> _TASK TO COMPLETE_: Your copy of the data should match it exactly, except that the pictures are gone.

START INFORMATION SUPPLIED

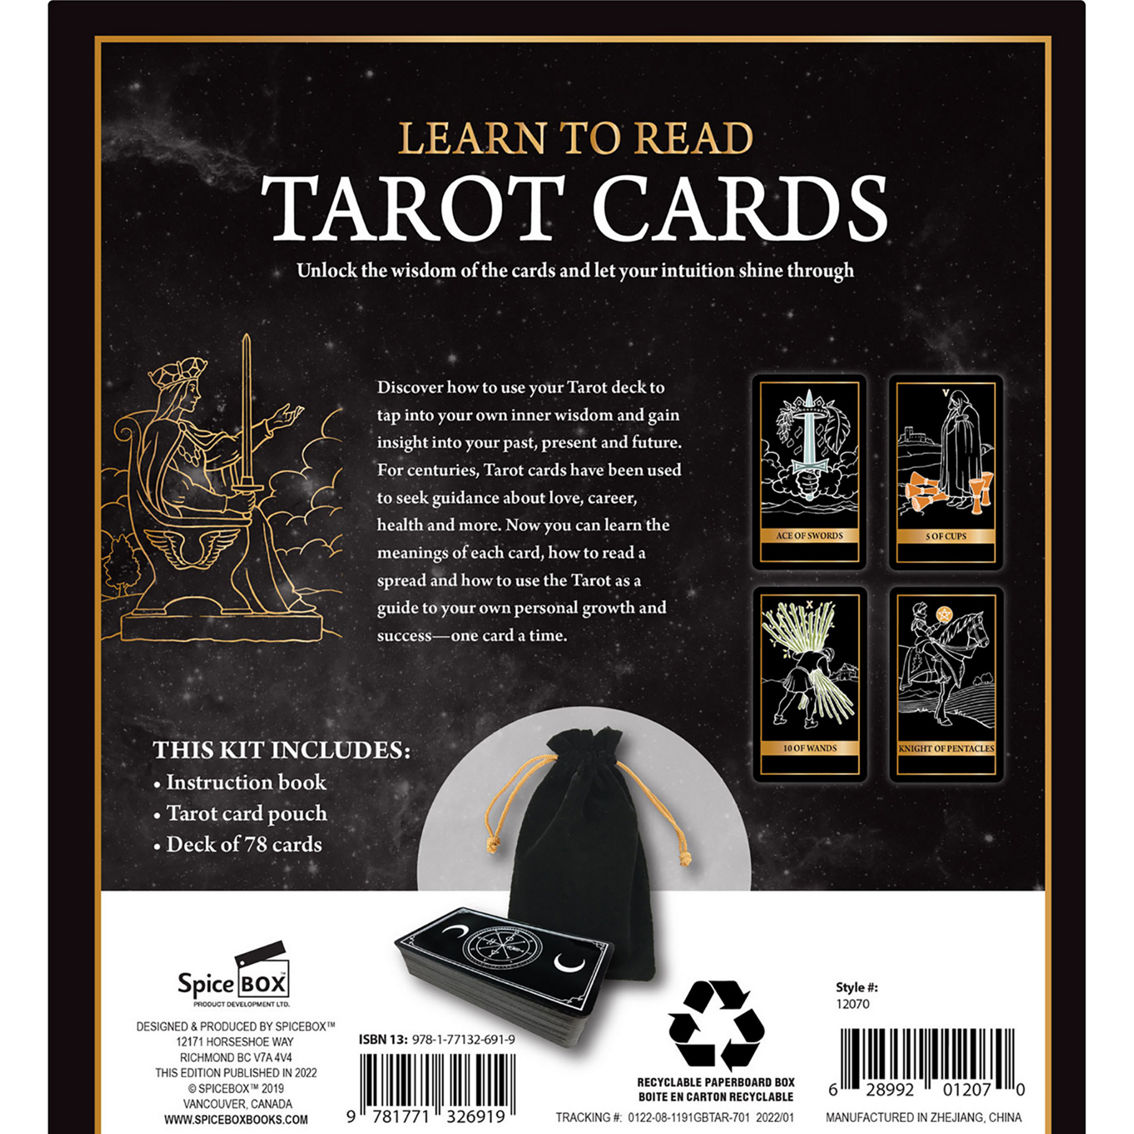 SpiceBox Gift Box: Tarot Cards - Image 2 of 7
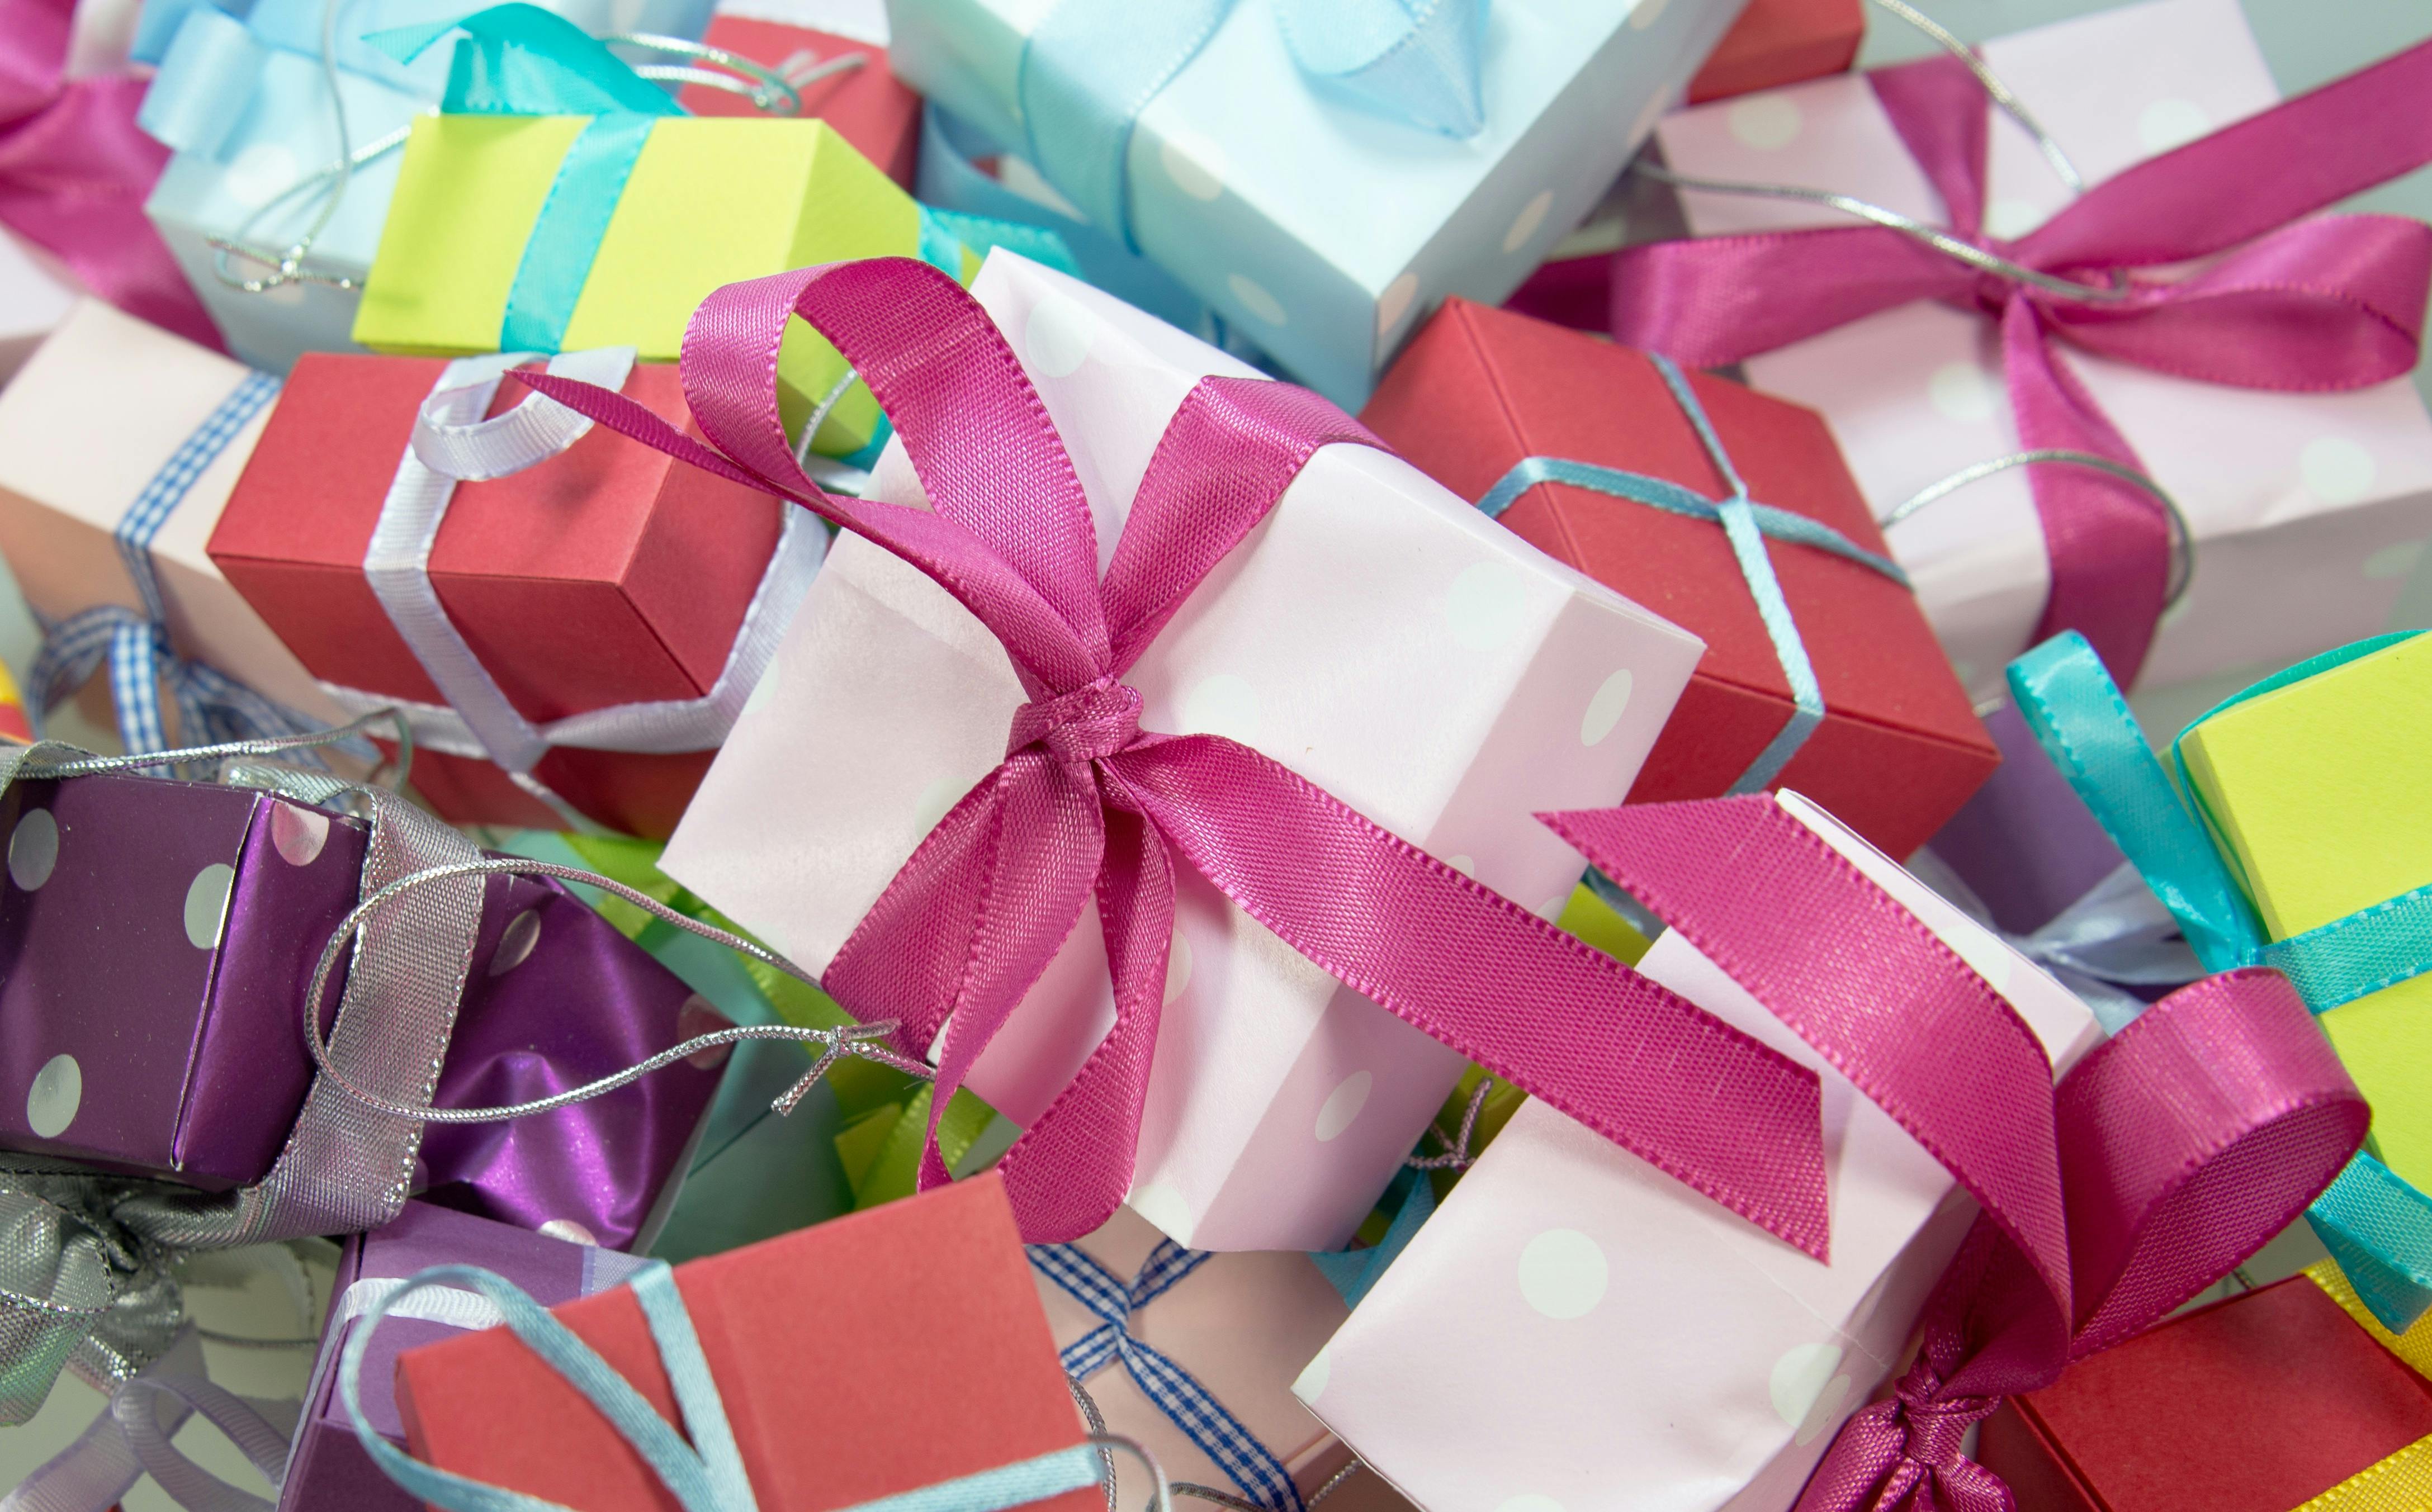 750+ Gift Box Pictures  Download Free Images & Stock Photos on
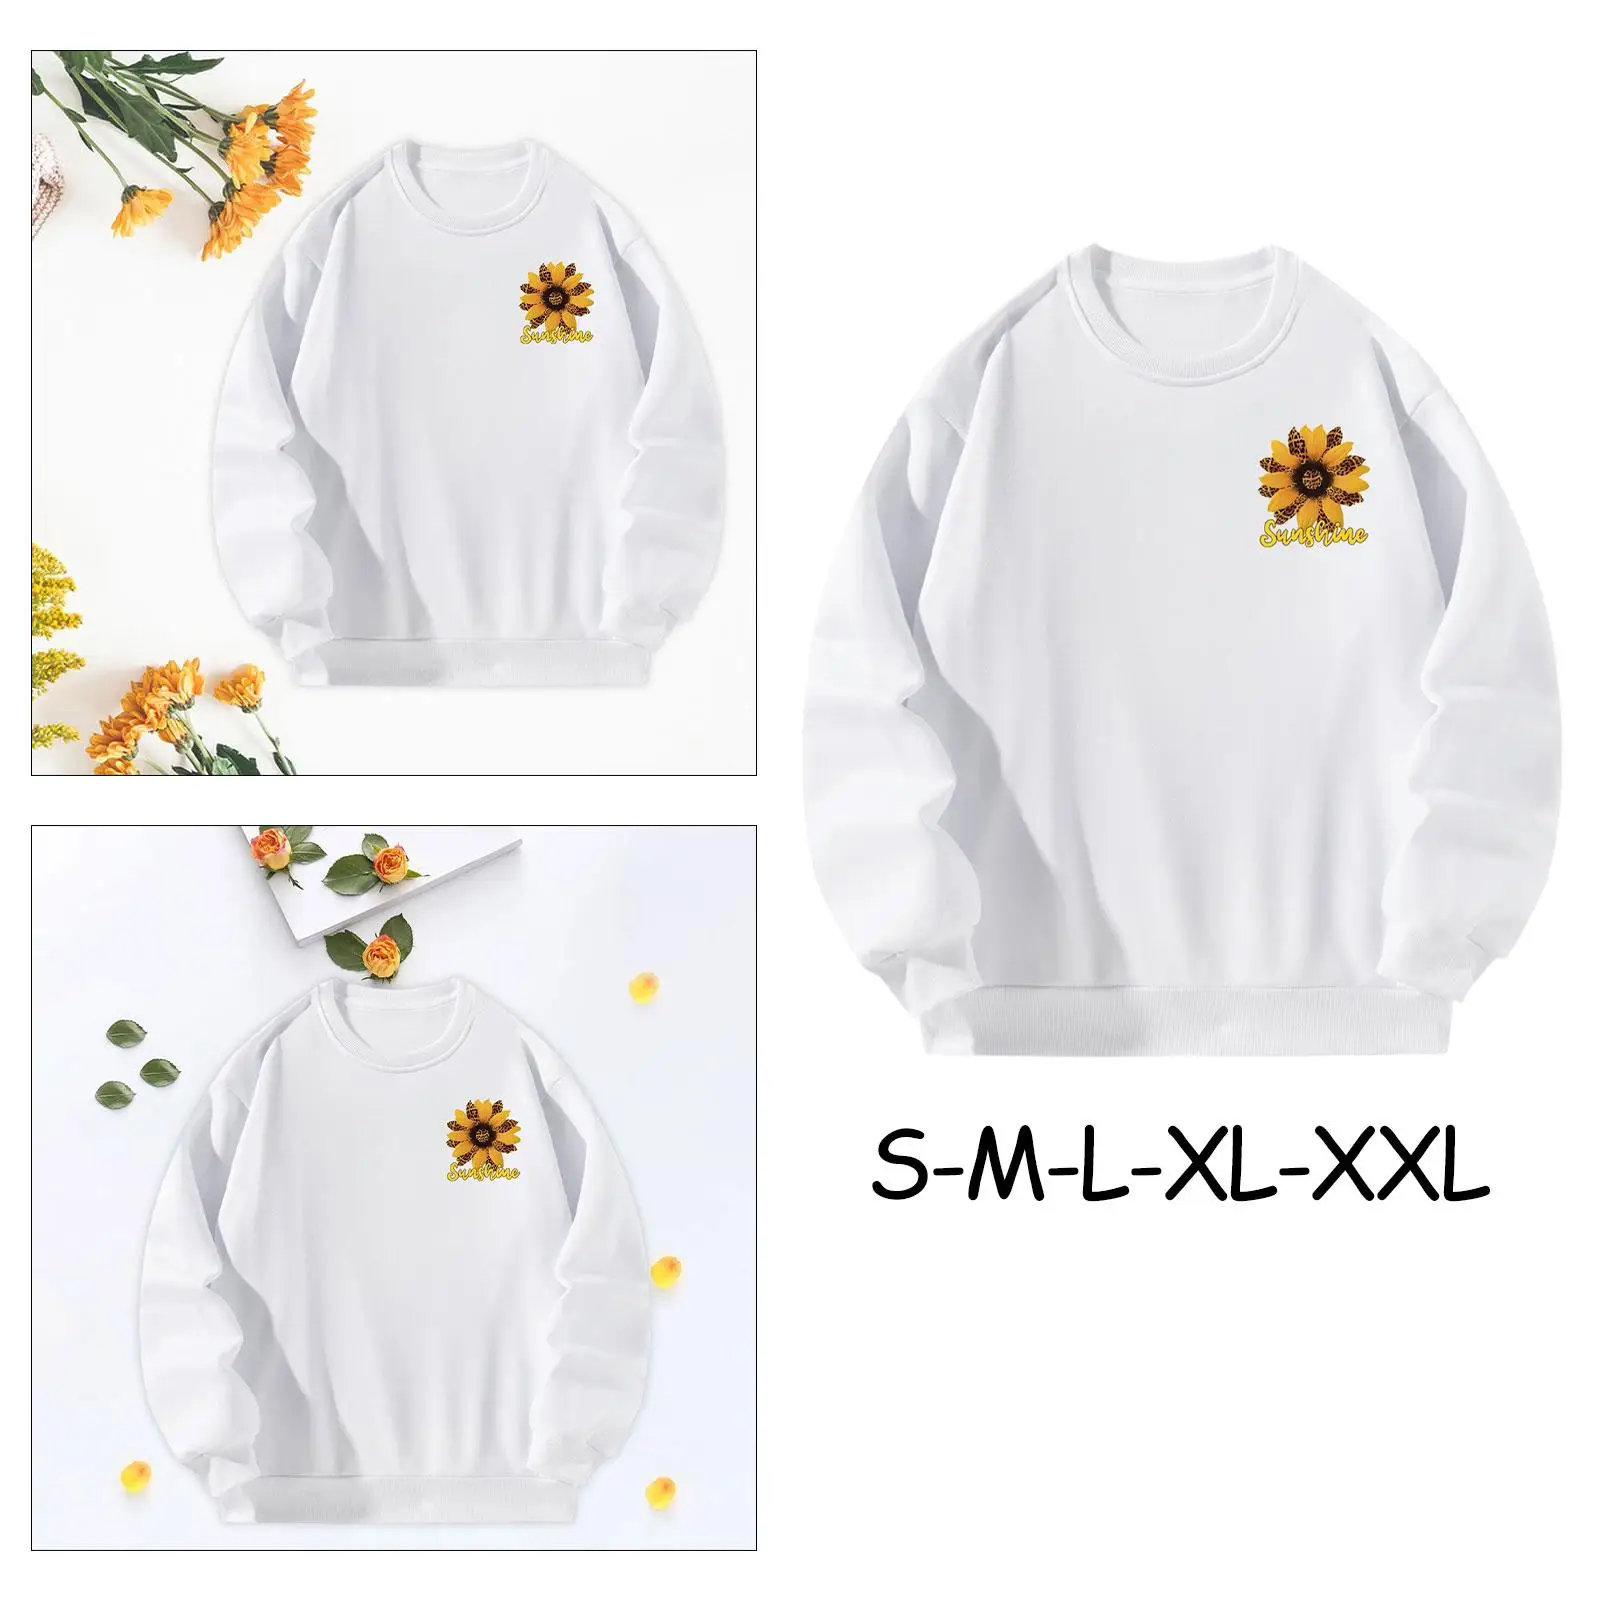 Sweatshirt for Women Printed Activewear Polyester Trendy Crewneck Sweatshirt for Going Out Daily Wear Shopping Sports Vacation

END INFORMATION SUPPLIED

> _FINAL ANSWER_:
 SpiceBox Gift Box: Tarot Cards - Image 2 of 7
 750+ Gift Box Pictures  Download Free Images & Stock Photos on
 Sweatshirt for Women Printed Activewear Polyester Trendy Crewneck Sweatshirt for Going Out Daily Wear Shopping Sports Vacation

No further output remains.